Personal information
- Born: July 17, 1981 (age 44) Denver, Colorado, U.S.
- Height: 6 ft 2 in (1.88 m)
- Weight: 200 lb (91 kg; 14 st)
- Sporting nationality: United States
- Residence: Scottsdale, Arizona, U.S.

Career
- College: Duke University
- Turned professional: 2004
- Former tours: PGA Tour Gateway Tour
- Professional wins: 1

Best results in major championships
- Masters Tournament: DNP
- PGA Championship: DNP
- U.S. Open: CUT: 2004
- The Open Championship: DNP

= Leif Olson =

American professional golfer (born 1981)

Leif Olson (born July 17, 1981) is an American professional golfer who played on the PGA Tour.

== Early life and amateur career ==
In 1981, Olson was born in Denver, Colorado.
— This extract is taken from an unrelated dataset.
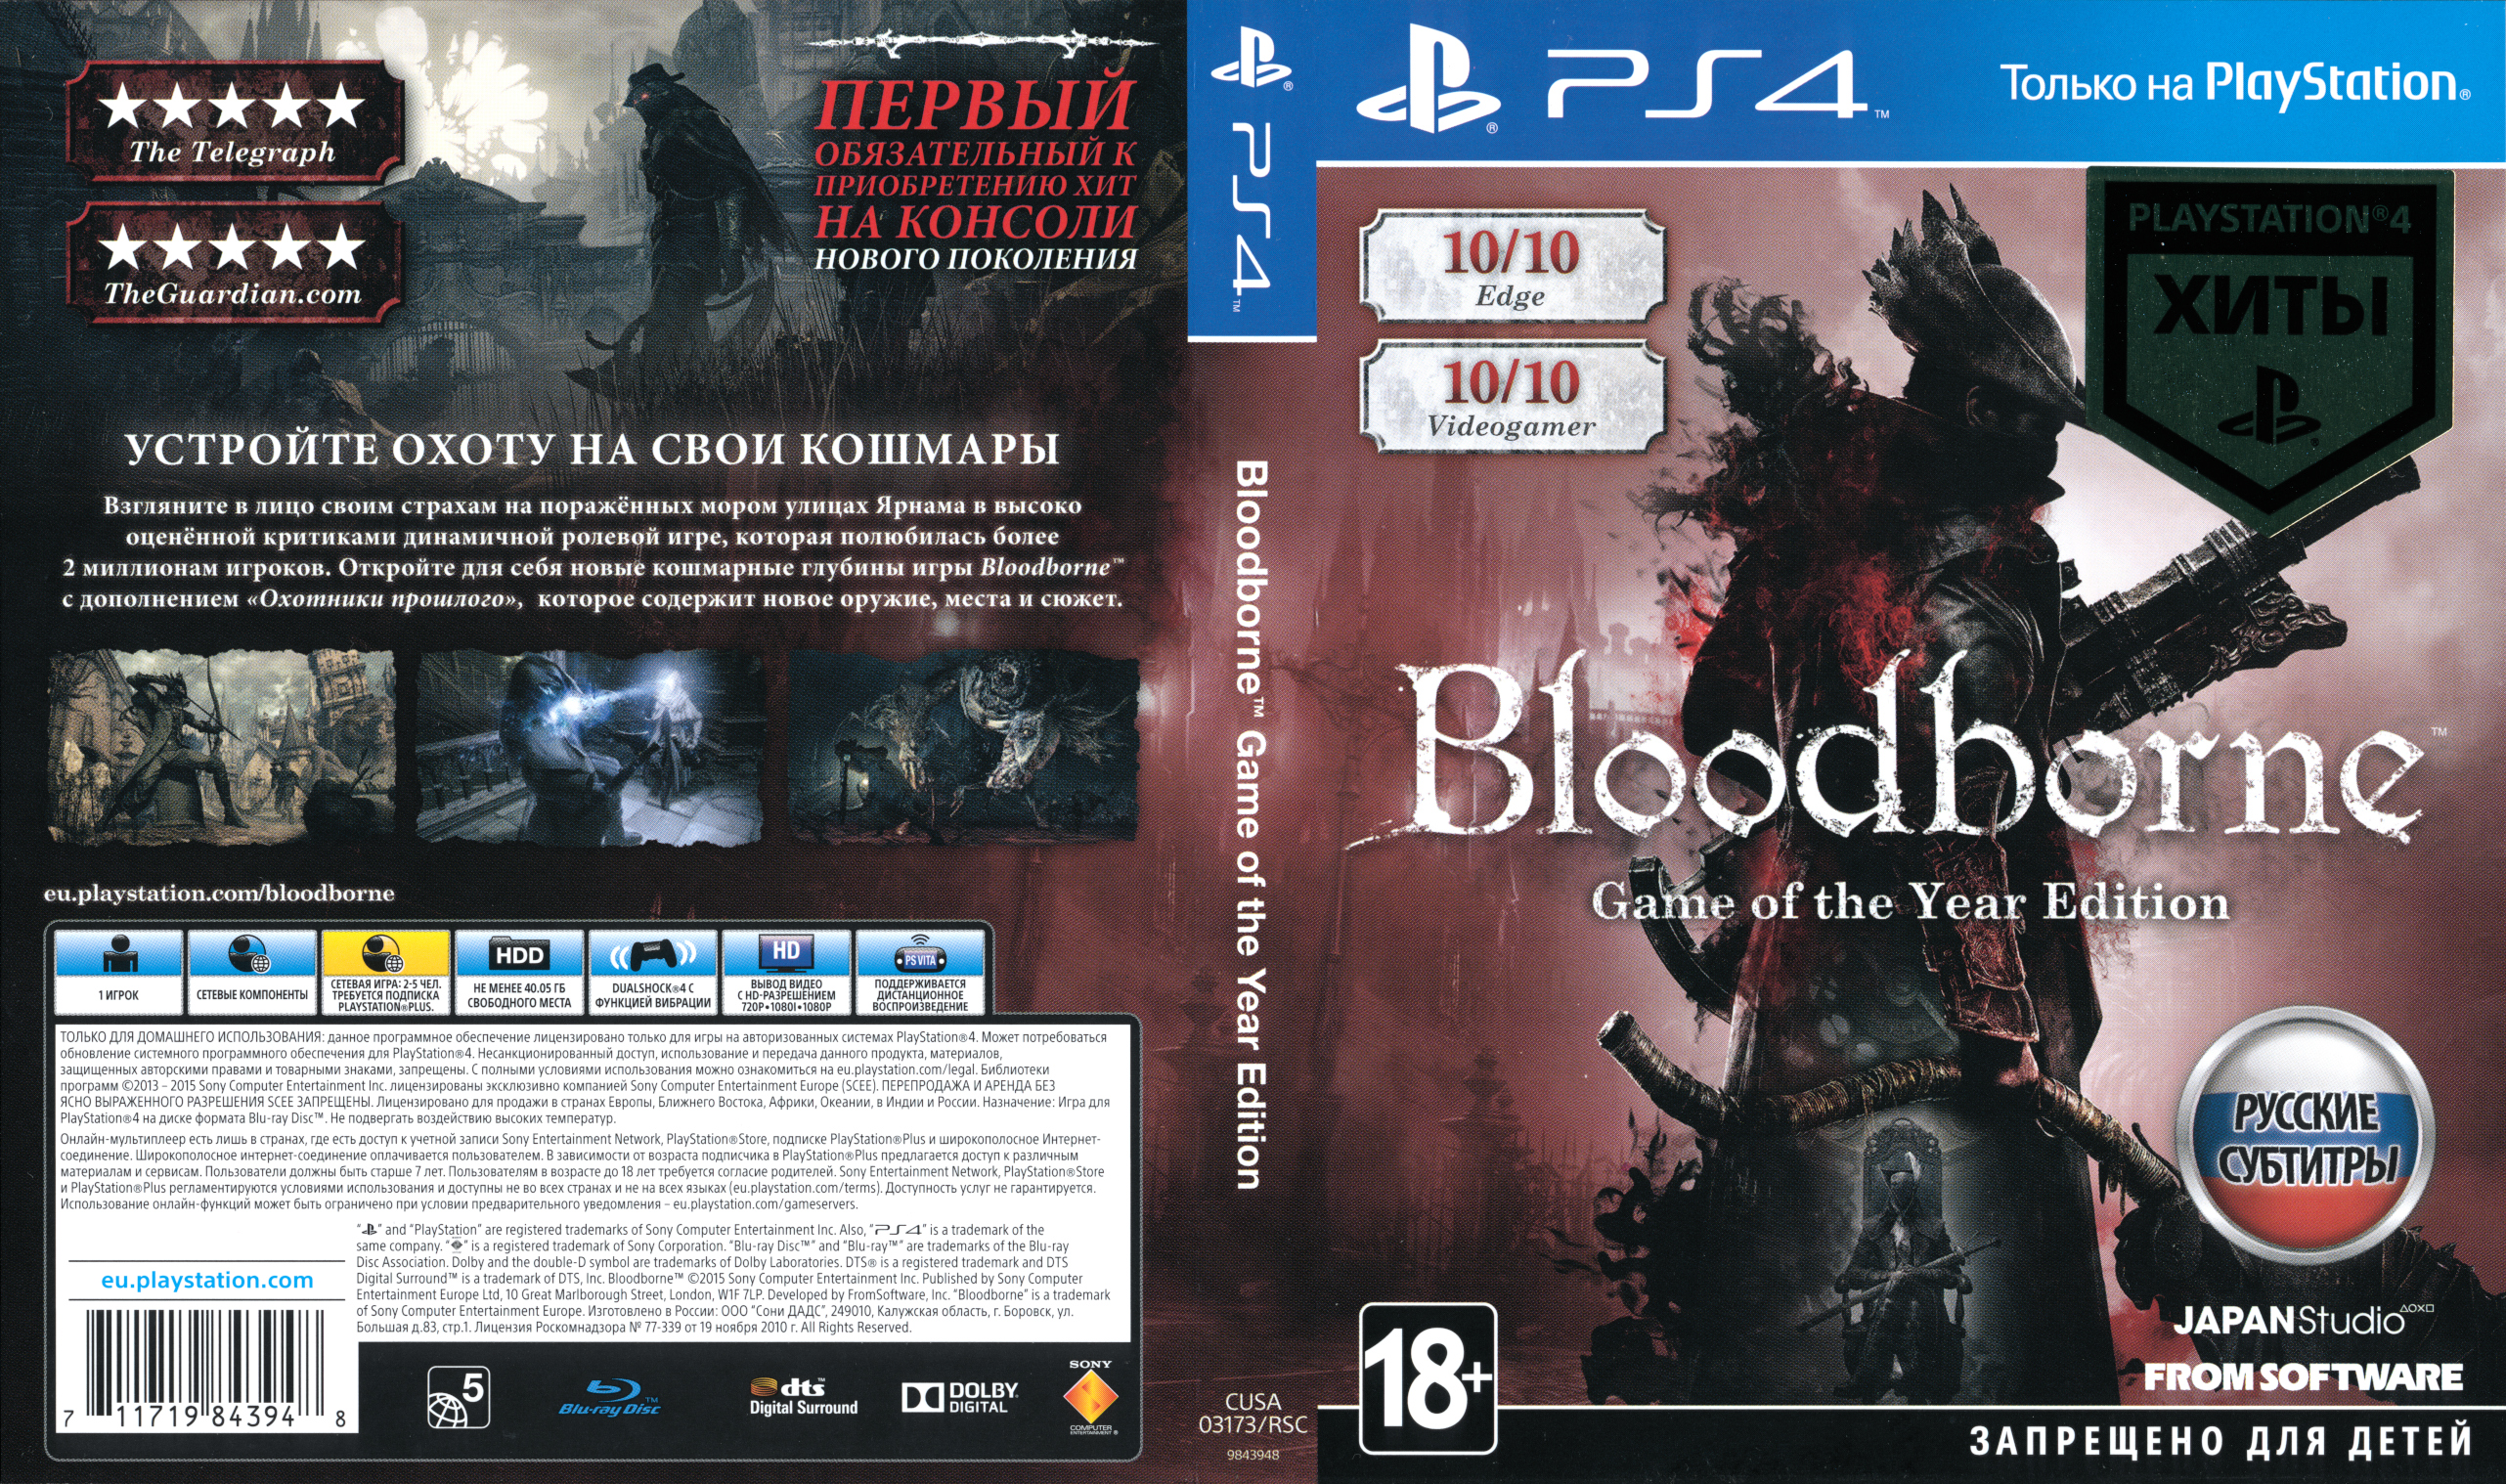 BLOODBORNE GAME OF THE YEAR EDITION PS4 - MyGames Now

He played college golf from 1999 to 2003 at Duke University.

==Professional career==
In 2004, Olson turned pro. He earned his 2009 PGA Tour card through 2008 Q-School. In his first 14 events on tour, Olson only made three cuts. Olson won a BMW Z4 Roadster at the 2009 RBC Canadian Open when he recorded a hole in one on the 15th hole at Glen Abbey Golf Course. It was a very bizarre hole in one. Olson's ball landed past the hole, rolled down the slope towards the hole and deflected off another player's ball which redirected it into the cup.
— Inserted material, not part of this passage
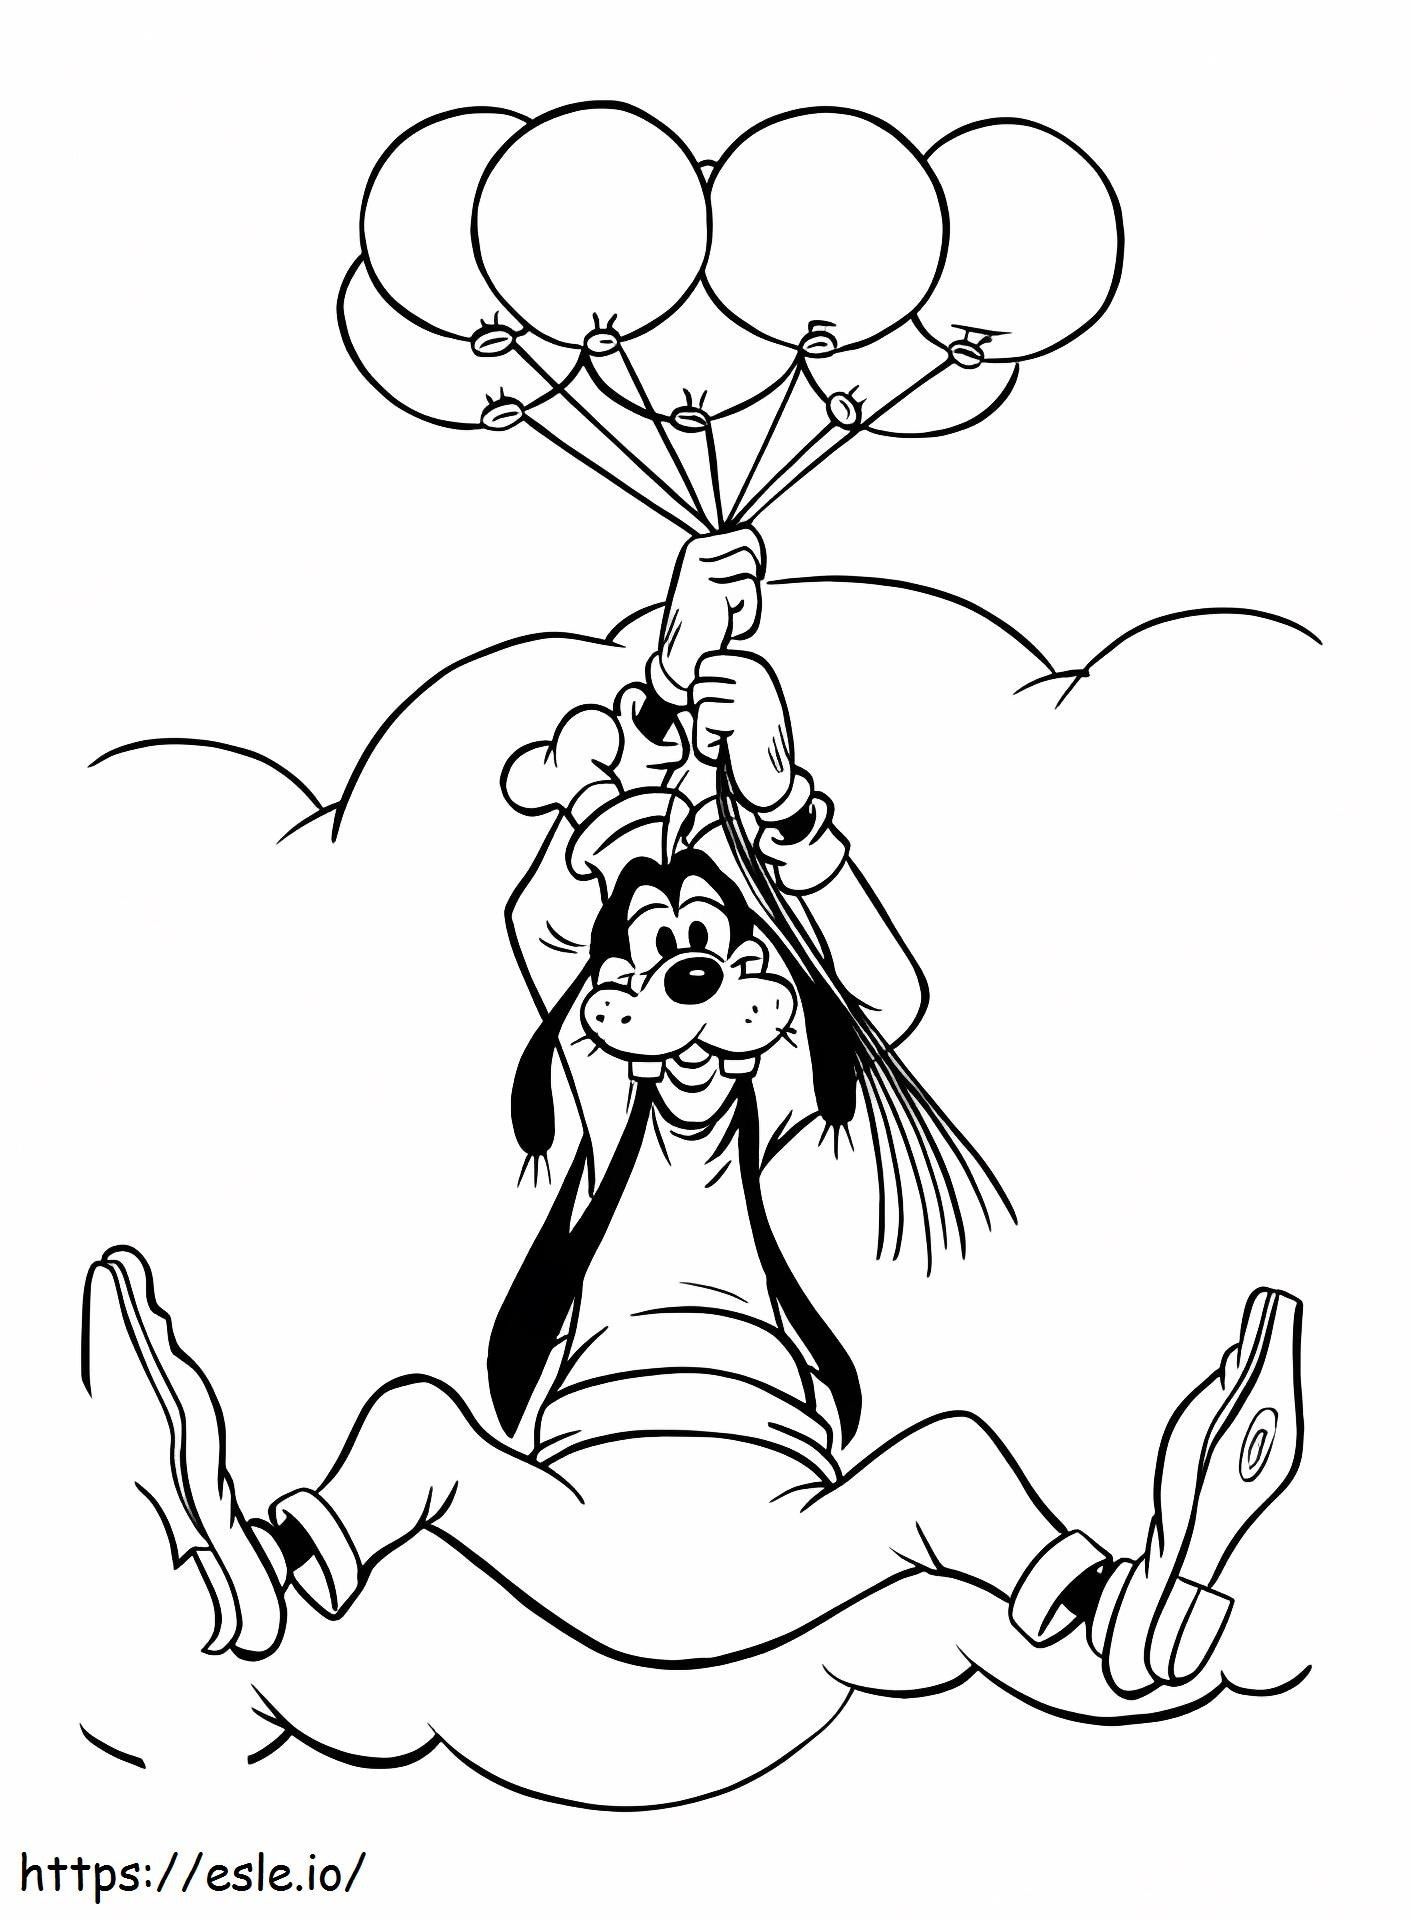 1532918892 Goofy Flying By Balloons A4 de colorat

Olson finished a career-best third place at the Turning Stone Resort Championship in 2009, just one stroke out of a playoff that was won by Matt Kuchar.

==Professional wins (1)==
===Gateway Tour wins (1)===

| No. | Date | Tournament | Winning score | Margin of victory | Runner-up |
|---|---|---|---|---|---|
| 1 | Aug 1, 2008 | Beach Summer 7 | −12 (65-69-70=204) | 1 stroke | USA Bobby Collins |

==Results in major championships==

| Tournament | 2004 |
|---|---|
| U.S. Open | CUT |

CUT = missed the half-way cut

Note: Olson only played in the U.S. Open.